The short answer is: probably yes, but only if regulators resist the temptation to mistake a particular moderation technique for a compliance outcome. That distinction is where the next two years of global content policy will be fought.
What Meta Actually Changed
Meta's January 2025 policy update did three things in the US: it ended partnerships with independent fact-checkers (IFCN-accredited organisations such as PolitiFact, Lead Stories, and Reuters Fact Check), rolled out a crowdsourced "Community Notes" feature modelled on the system X inherited from Twitter's Birdwatch, and loosened several Hateful Conduct policies — most notably around speech on immigration and gender. Meta also said it would relocate trust-and-safety teams from California to Texas and reduce automated enforcement on lower-severity policy violations.
Crucially, the changes applied to Facebook, Instagram, and Threads in the United States. Meta has repeatedly stated that obligations under the EU's DSA and other regional regimes remain in force outside the US — but it has not committed to keeping the legacy fact-checking program running indefinitely in those markets. That ambiguity is what regulators have been probing.
Europe: The DSA Stress Test
The European Commission moved quickly. Within days of the announcement, Commissioner Virkkunen and Commission services reminded Meta that Facebook and Instagram, designated as Very Large Online Platforms (VLOPs) under the DSA, must conduct annual systemic risk assessments covering disinformation, civic discourse, and electoral integrity (Articles 34–35), and must adopt proportionate mitigation measures audited by independent third parties.

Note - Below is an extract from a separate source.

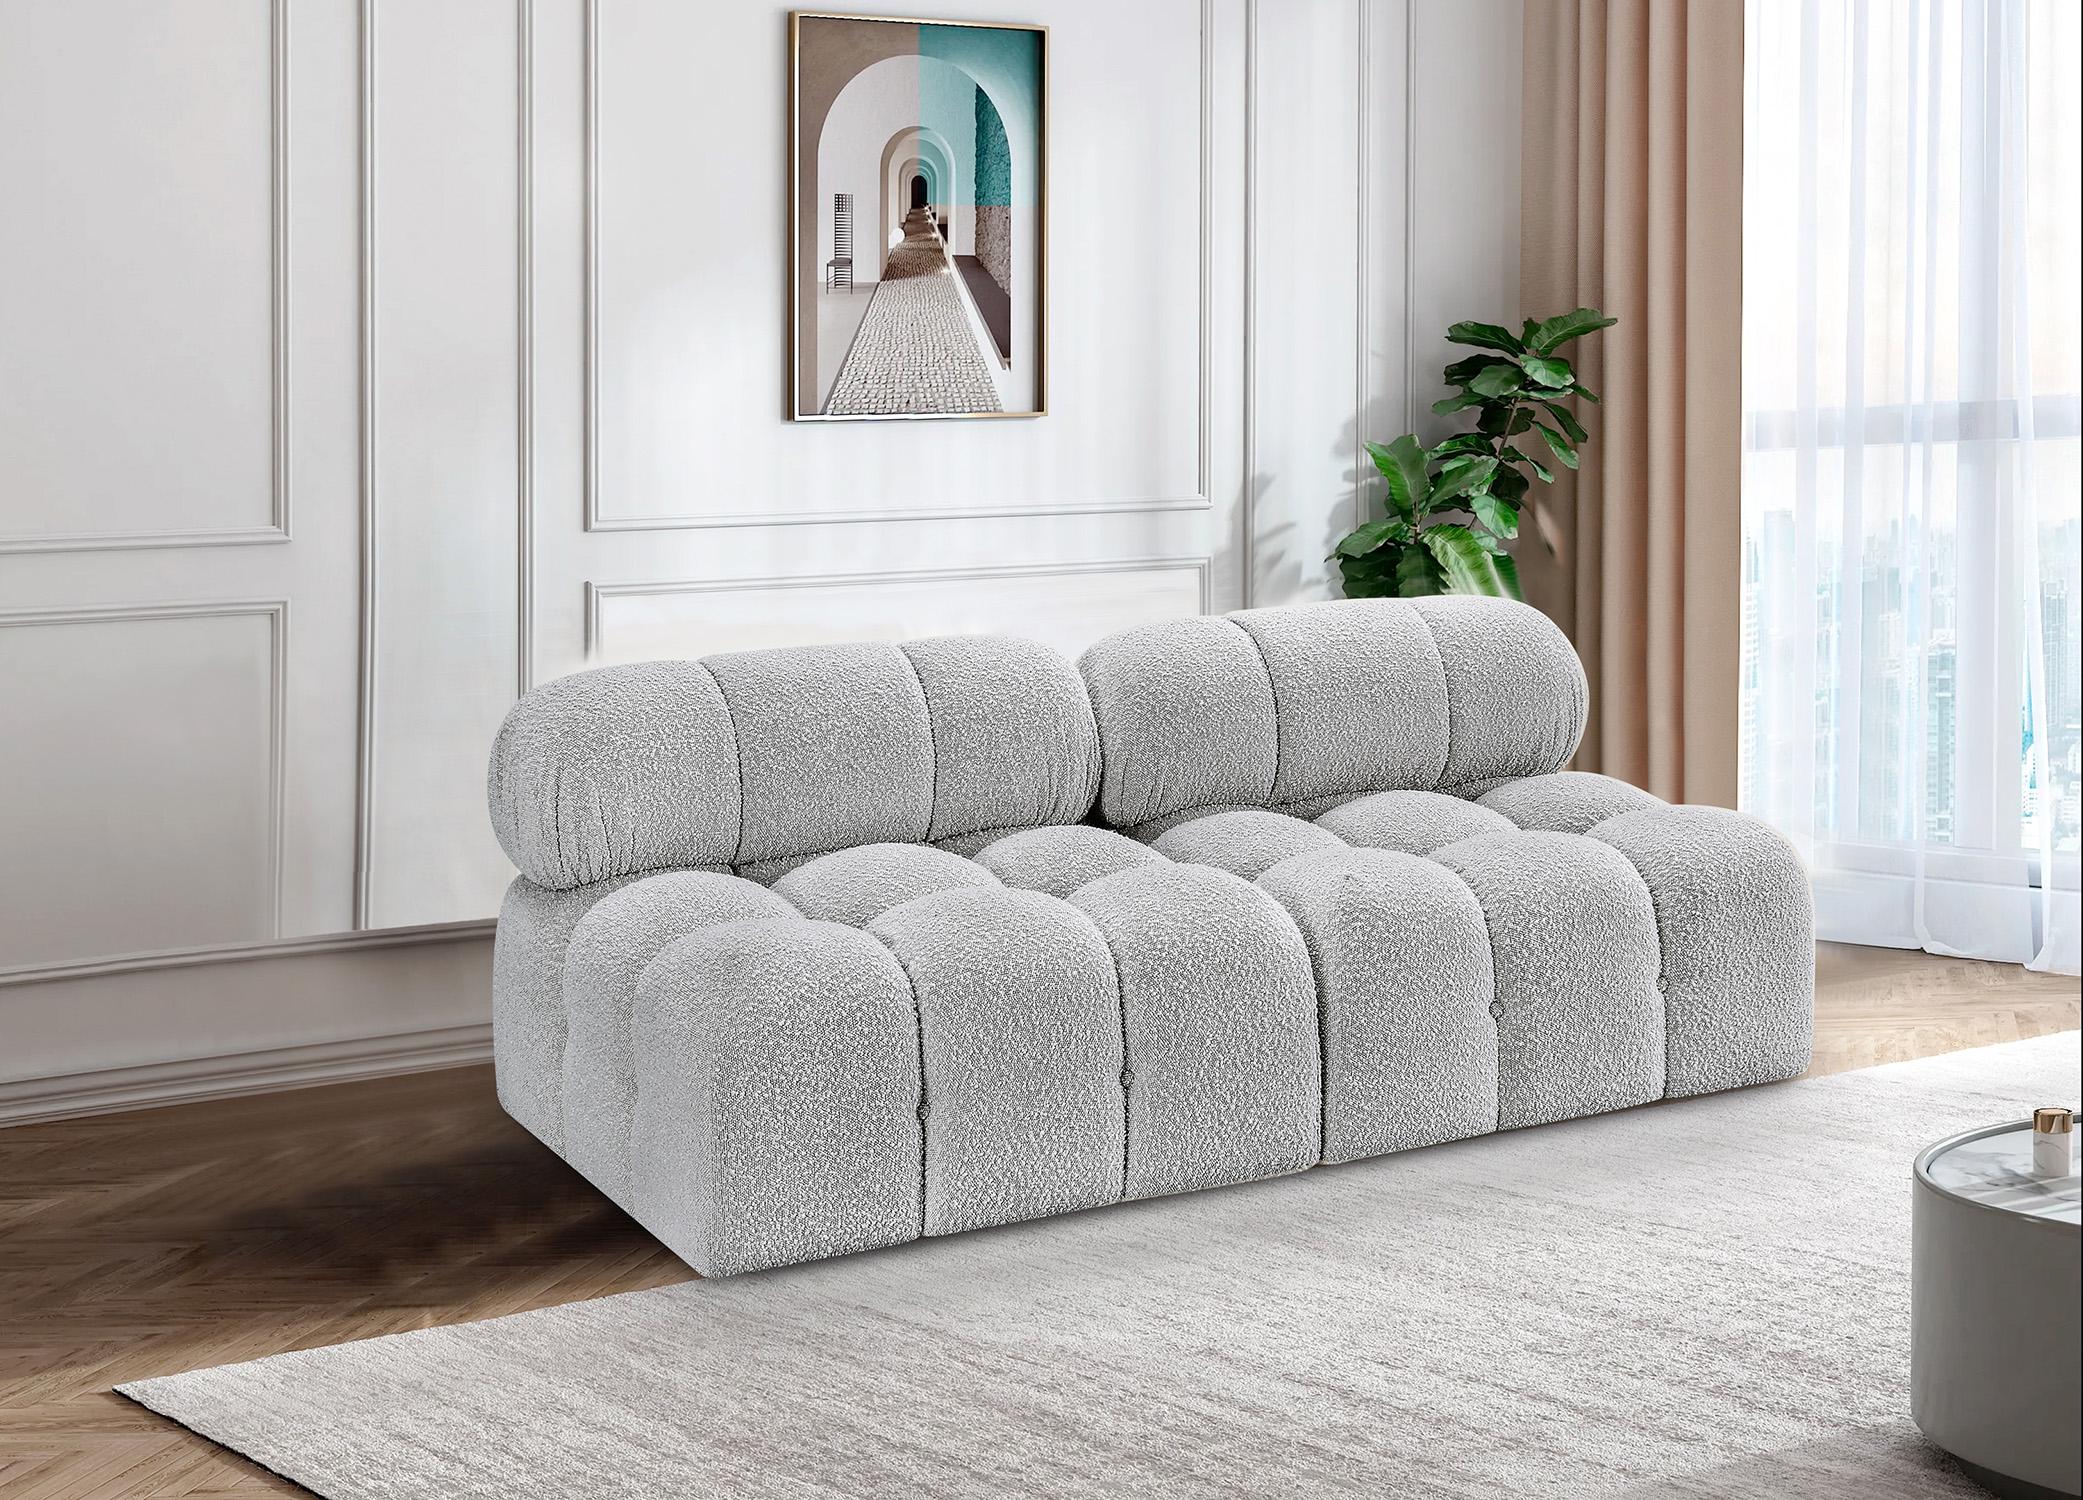 Contemporary, Modern Modular Sofa AMES 611Grey-S68B 611Grey-S68B in Gray

Importantly, the DSA does not mandate third-party fact-checking. It mandates risk management. A Community Notes–style system can, in principle, satisfy that obligation — but Meta would need to demonstrate, with data, that it reduces the spread of illegal content and verifiably manipulated information at least as effectively as the program it replaces. The Commission has already opened DSA proceedings against X partly on this question, so Meta is not entering uncharted territory.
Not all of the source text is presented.